Козьма слушал этакое, глядел поблизку в глаза Гучкова, совсем же не бриллиантовые, а как у нас у всех, глаза – с просьбой, с доверием, и от болезни опухшие (в самые первые недели Рабочей группы Гучков и вовсе умирал, уже печатались предсмертные о нём бюллетени), – и от души к душе понимал его, растворён был сердцем, вполне согласен:
– Да Александр Иваныч, будем ли обиды месить? Ну, погнетали нас, верно… Не прислушны к нам хозяева были, я не про Эриксона, а где поглуше. Конечно, дороже бы прежде войны спохватиться. Ну, коли сознанье взошло, так и нынче не поздно. Что ж, разве не понимаем? Рвутся немцы до России, шею нам согнуть да хлебушек наш лопать…
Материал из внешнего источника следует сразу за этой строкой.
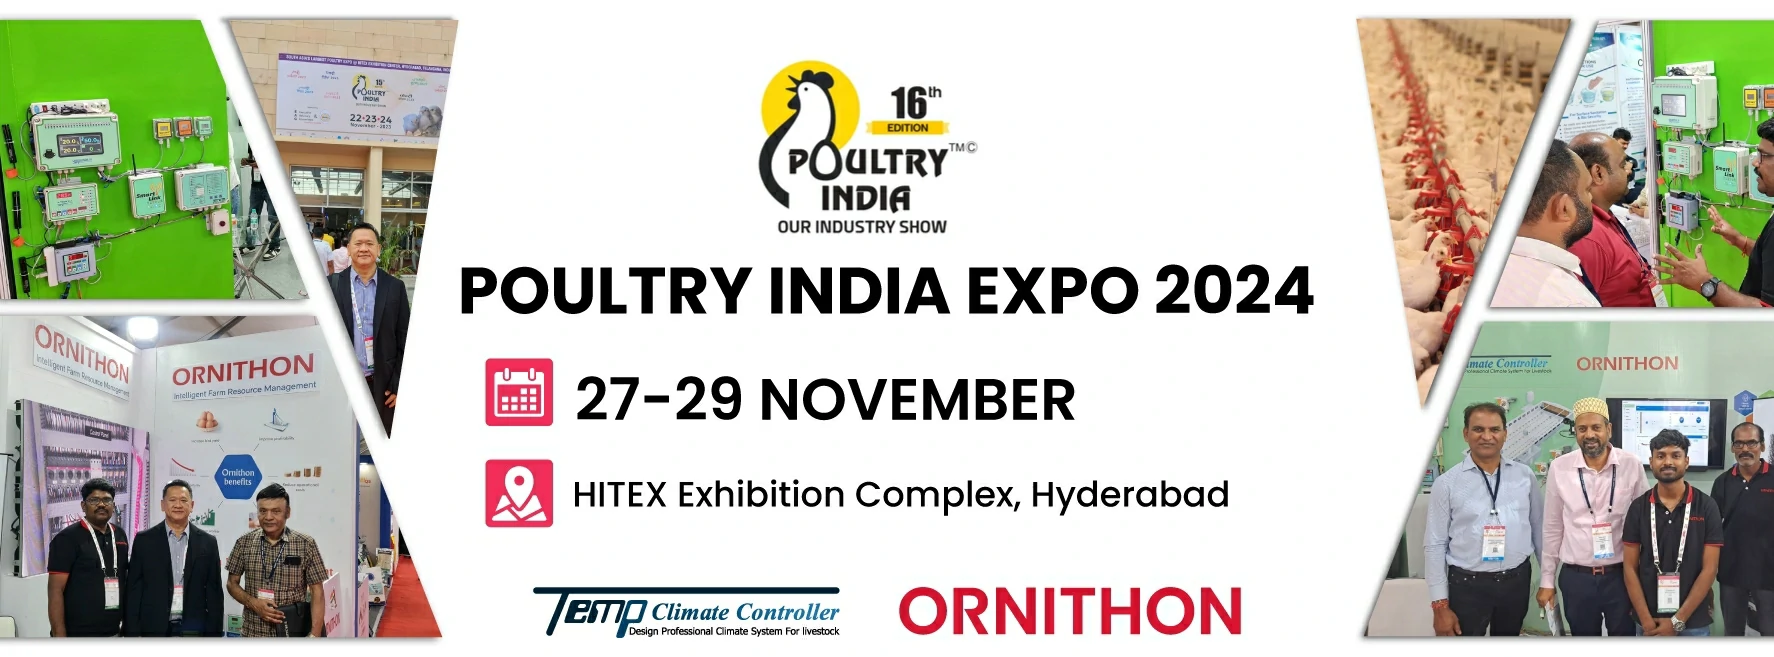 Poultry india Expo 2024

По-простецки, безо всяких партий, да и на языке своём же природном – чего тут было не понять? Через простецкий их стол, сидя на стульях двух жёстких безо всякого умягчения, в голову никак не вклинивалось, что сидит перед ним вождь империалистической буржуазии, соратник кровавого Столыпина.
– Понимаю, Алексан Иваныч. Поддержим. Для того сюда и пришли.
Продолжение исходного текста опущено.